Eventually, whenever coronavirus cases in Florida steadily decrease (not anytime soon, it appears) and journalists start to return to their newsrooms, the folks at the Miami Herald and El Nuevo Herald will continue to work from home.
Parent company McClatchy announced on Tuesday that starting in August, six of its news outlets — the Herald, Charlotte Observer, The State (Columbia, South Carolina), The Modesto Bee, The Merced Sun-Star, and The Tribune (San Luis Obispo, California) — as well as its Washington, D.C. bureau will give up their office leases.
“We know that the office space of today is not what the office space will be for tomorrow as it relates to social distancing and keeping our employees safe,” Aminda Marqués González, the president, publisher, and executive editor of the Miami Herald, wrote. “For that reason, Miami Herald and el Nuevo Herald employees will continue to work remotely through the end of the year. After the New Year, once the commercial real estate industry has sorted itself out with regard to new standards and approaches, we will find a new, centralized home.”
“The pandemic has deeply impacted our business, as it has many others. Revenue has fallen, and a timeline of recovery is uncertain,” Charlotte Observer executive editor Sherry Chisenhall wrote. “The move from uptown offices helps ensure that we can keep local journalists on the job, giving our community the daily reporting and accountability journalism you expect from us. Our commitment is as strong as ever to informing the community with essential journalism that helps us all take on the challenges ahead.”
McClatchy filed for bankruptcy in February. Marqués González said that this particular move prioritizes saving jobs “to ensure our readers receive the level of coverage and accountability throughout South Florida they expect each day from our talented journalists.”Newspapers have certainly moved offices before. The Miami Herald shifted to its current office in Doral from Biscayne Bay in May 2013. McClatchy had sold the building to Genting, a Malaysian casino operator that bought it for $236 million with plans to build a casino there. Its sister paper, the Fort Worth Star-Telegram, also moved into a different office, across the street from its original one, in 2011.
But as Poynter pointed out, this is the (maybe temporary) elimination of the newsroom all together. No more water cooler chats, no more standing over your editor as they work on your story (or vice versa), no more popping over to someone else’s cubicle to ask them questions.
At the same time, One Herald Guild, the union of the Miami Herald and El Nuevo Herald, launched a petition on Tuesday asking the bankruptcy judge Michael E. Wiles to reject hedge fund Chatham Asset Management’s bid for the Miami Herald Media Company.
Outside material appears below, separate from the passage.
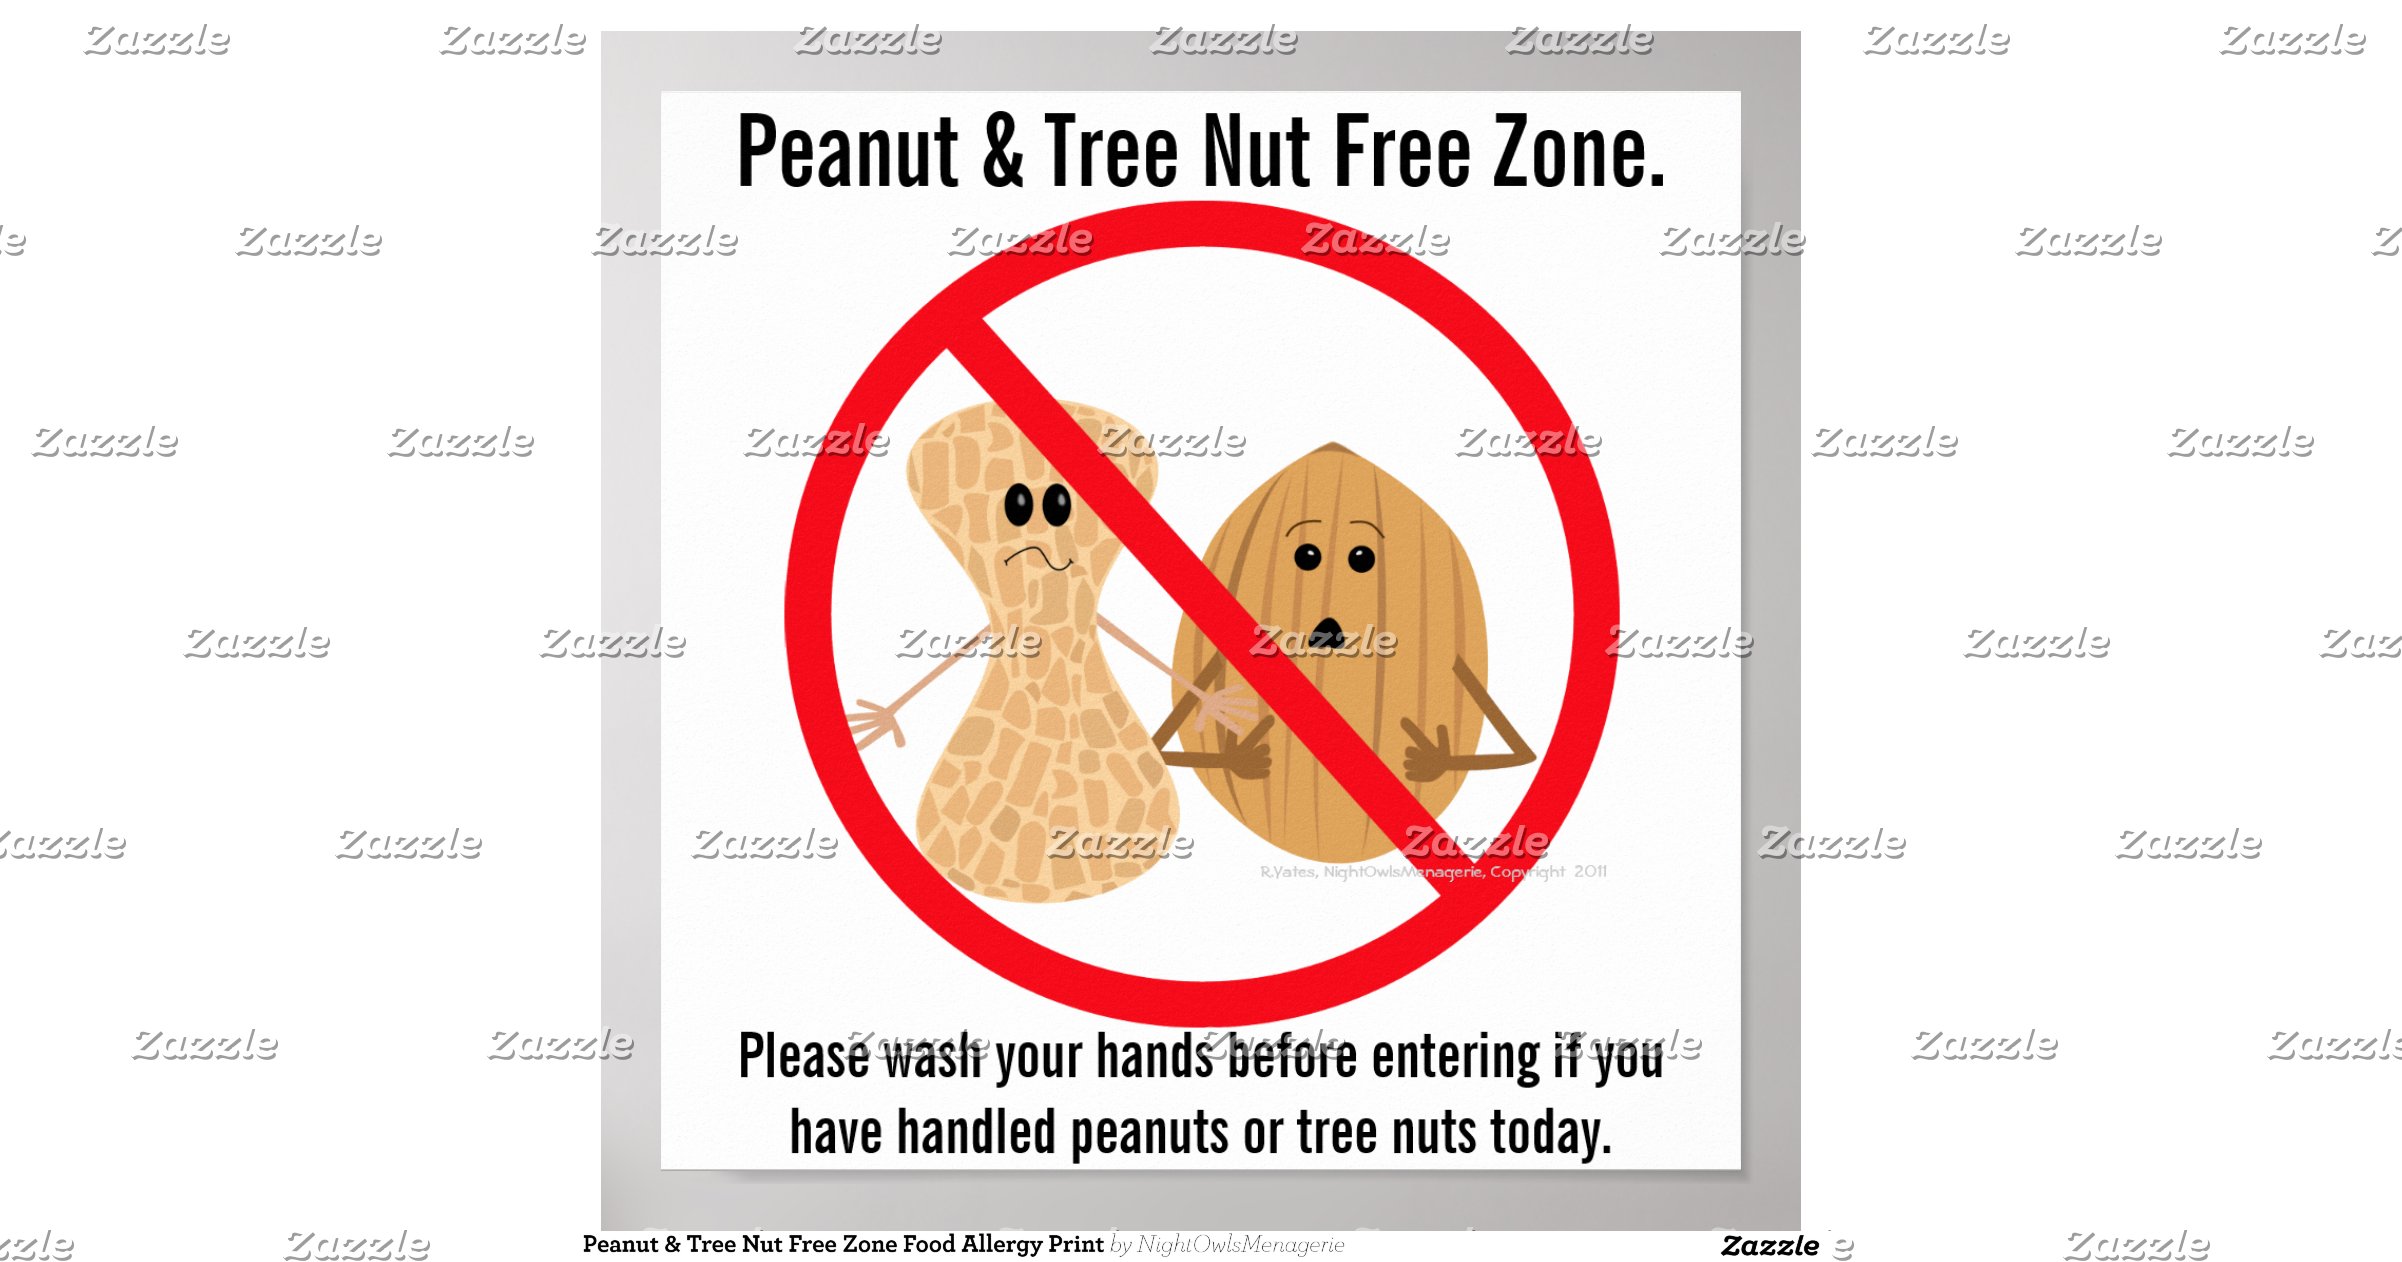 peanut_tree_nut_free_zone_food_allergy_print-re63eb5547e4f42d7a4c35ba82054637f_wad ...

Dear Herald readers: We need your help. A hedge fund, Chatham, is pushing to take over our parent company @mcclatchy in bankruptcy court. This would be a disaster for local journalism in South Florida. Please sign our petition urging the judge to reject it:https://t.co/3K1MvZPYJ4
— One Herald Guild 🏝 (@OneHeraldGuild) June 9, 2020
It reads, in part:
We know that leading bidder to assume ownership of the Miami Herald Media Company is Chatham Asset Management — a predatory hedge fund with a history of owning unethical publications like the National Enquirer, slashing jobs and shuttering local papers in Canada. Hedge funds have gutted local newsrooms. We, the Miami community and Herald readers everywhere, refuse to let it happen to the Herald.
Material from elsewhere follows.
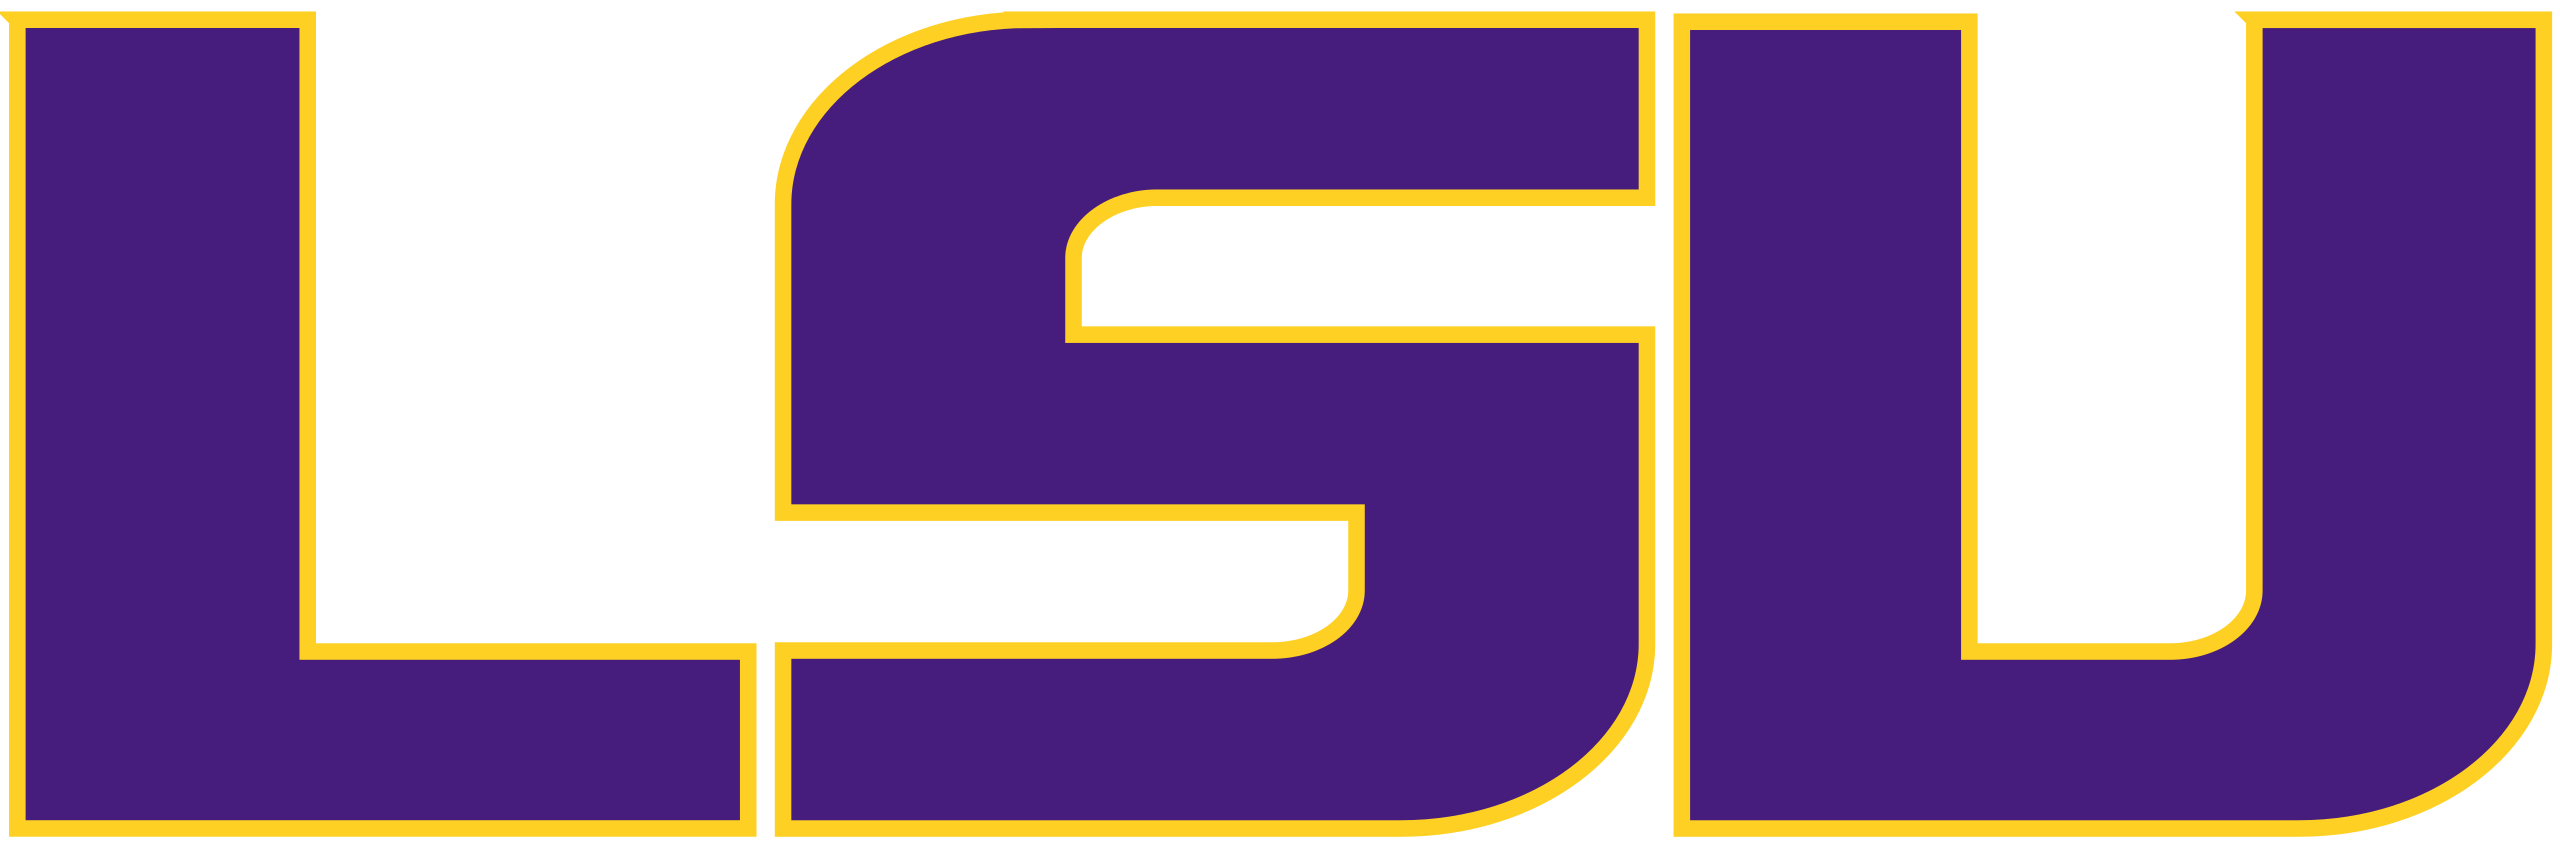 LSU_Athletics_logo.svg

We have experienced firsthand the important role of our newspapers in our community, but we also have seen what happens to newspapers as resources diminish. Communities go uncovered, corruption goes unchecked, and the public is left in the dark.[…]
Even with the cuts endured in recent years, the Herald papers remain dutifully committed to original and meaningful reporting. It must be protected and lifted up, not threatened with an owner whose past actions prove it doesn’t care about the public interest.
Under the right ownership, the Herald’s revenue could be used for its right purpose: reporting local news and strengthening democracy, not enriching financiers at the expense of the community in which we live.
The petition so far has secured more than half of the 6,400 signatures it needs.
The Miami Herald is moving buildings to save $.
This year we also:
– scrapped our printing presses
– laid off that staff
– stopped printing on Saturdays
– furloughed the advertising team
– pay cuts for the C-suite https://t.co/5GrSOsEmKx— Alex Harris (@harrisalexc) June 9, 2020
Maybe they have a small space for a few top execs, with meeting rooms for occasional use and a space to entertain advertisers, host ed board guests, etc.
But reporters having a desk they can go to everyday? I'd bet $10 that's just done for good.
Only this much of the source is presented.